Сначала Инослейв гладил ее по волосам и по спине, успокаивая, словно маленького ребенка. Потом, неожиданно обернувшись ветром, обнял всю — с головы до ног, окутав ароматами летних луговых трав и карамели. Совсем как в тот день, когда вернулся с ярмарки. Вместо того чтобы успокоиться, Эвинол разрыдалась еще сильнее.

— Я люблю тебя, Инослейв, — бормотала она, прижимаясь мокрым лицом к подушке. — Как же сильно я тебя люблю!

Теплый, пахнущий травами ветер исчез, уступив место человеку. Инослейв отцепил ее руки от многострадальной подушки и развернул Эви к себе.

— Ты никогда мне этого не говорила, — тихо сказал он, притягивая ее к себе.

— А разве нужно было говорить? — Эвинол подняла на него заплаканные глаза и улыбнулась сквозь слезы. — Разве ты не знал?

— Знал, — ветер коснулся губами ее макушки. — Но все равно хотел услышать это от тебя. Мне кажется, с тобой я превращаюсь в человека.

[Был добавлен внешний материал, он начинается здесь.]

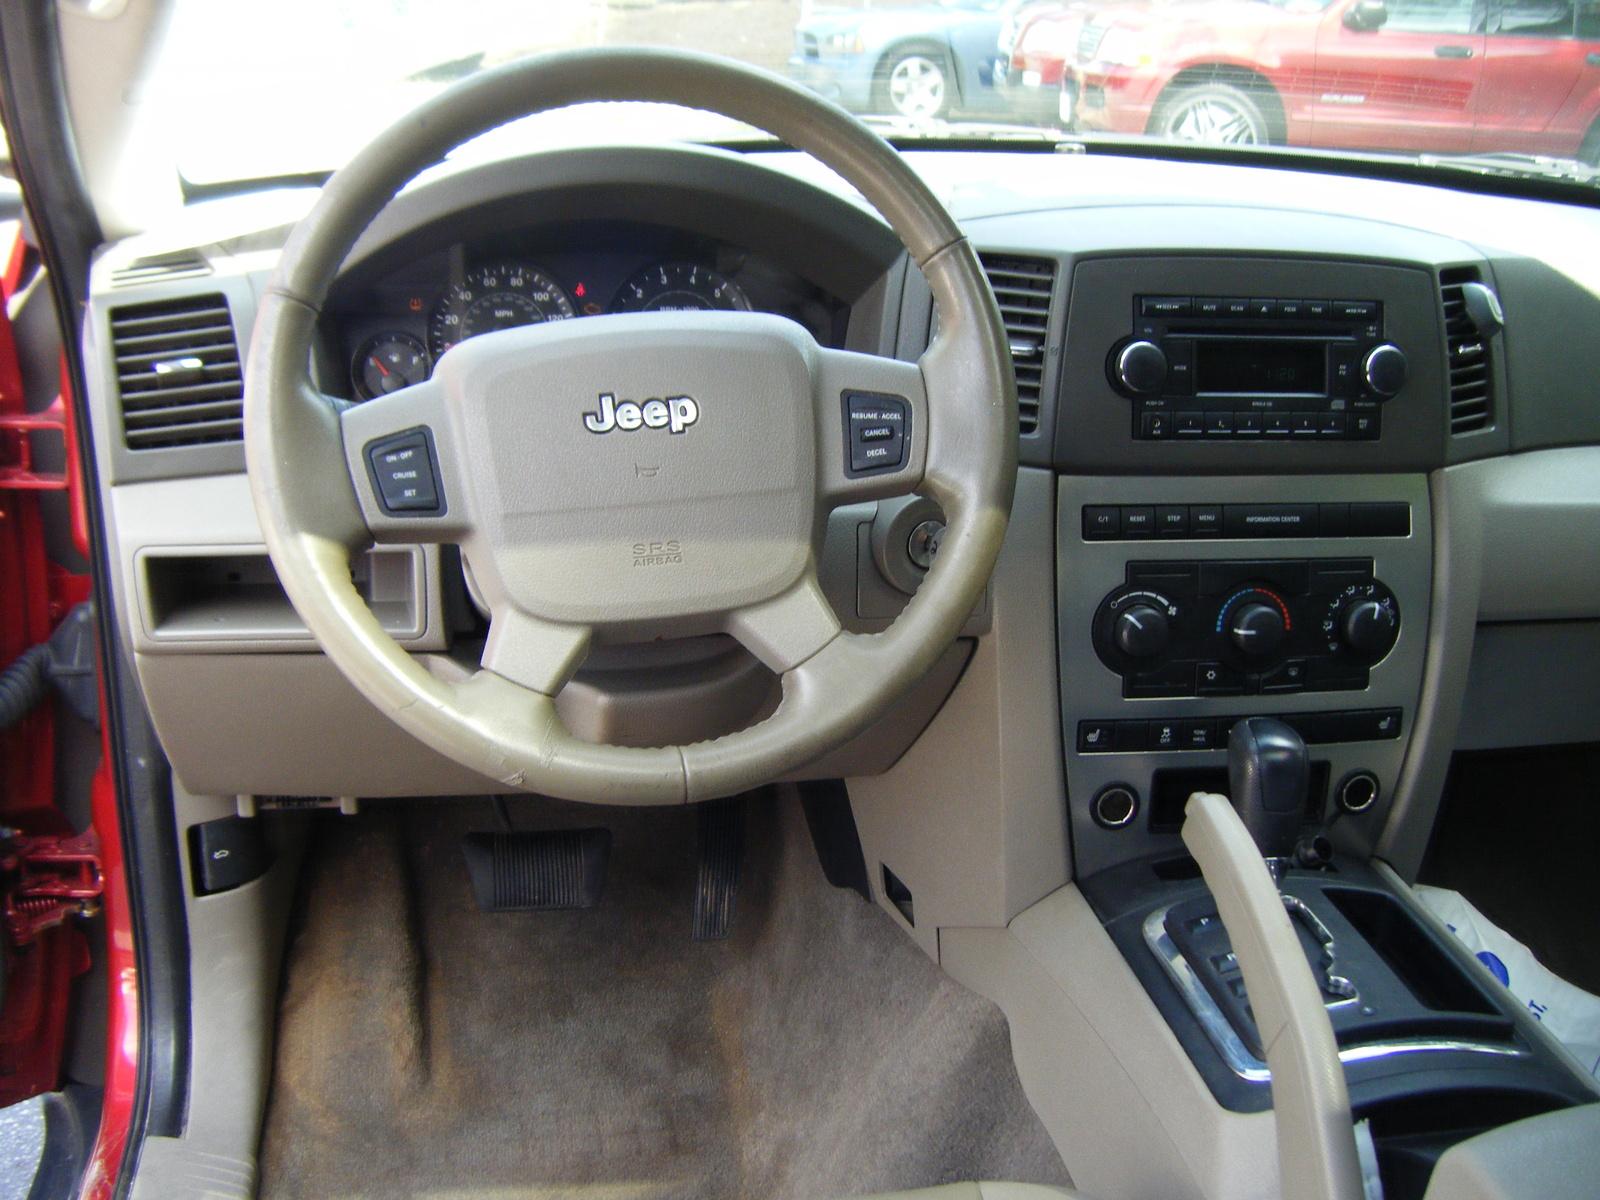 2006 Jeep Grand Cherokee Interior Related Keywords 2006 Jeep Grand Cherokee Interior Long Tail

— Это плохо? — спросила Эви, устраиваясь у него на плече.

— Не думаю, что хорошо, но, пожалуй, неизбежно. Эви, любимая моя, засыпай, — Инослейв убаюкивающе гладил ее по волосам.

— А ты не уйдешь? — встрепенулась она.

Отчего-то Эвинол боялась, что Инослейв покинет ее, пока она спит. Чтобы не прощаться и не относить к людям. Ей казалось, что она проснется одна в опустевшей обители западного ветра.

— Не уйду, — прошептал он, накручивая ее пряди на палец. — Не уйду, пока не буду уверен, что ты окрепла. Кроме того, я обещал отнести тебя к твоим неразумным собратьям.

— Почему неразумным? — сонно пробормотала она.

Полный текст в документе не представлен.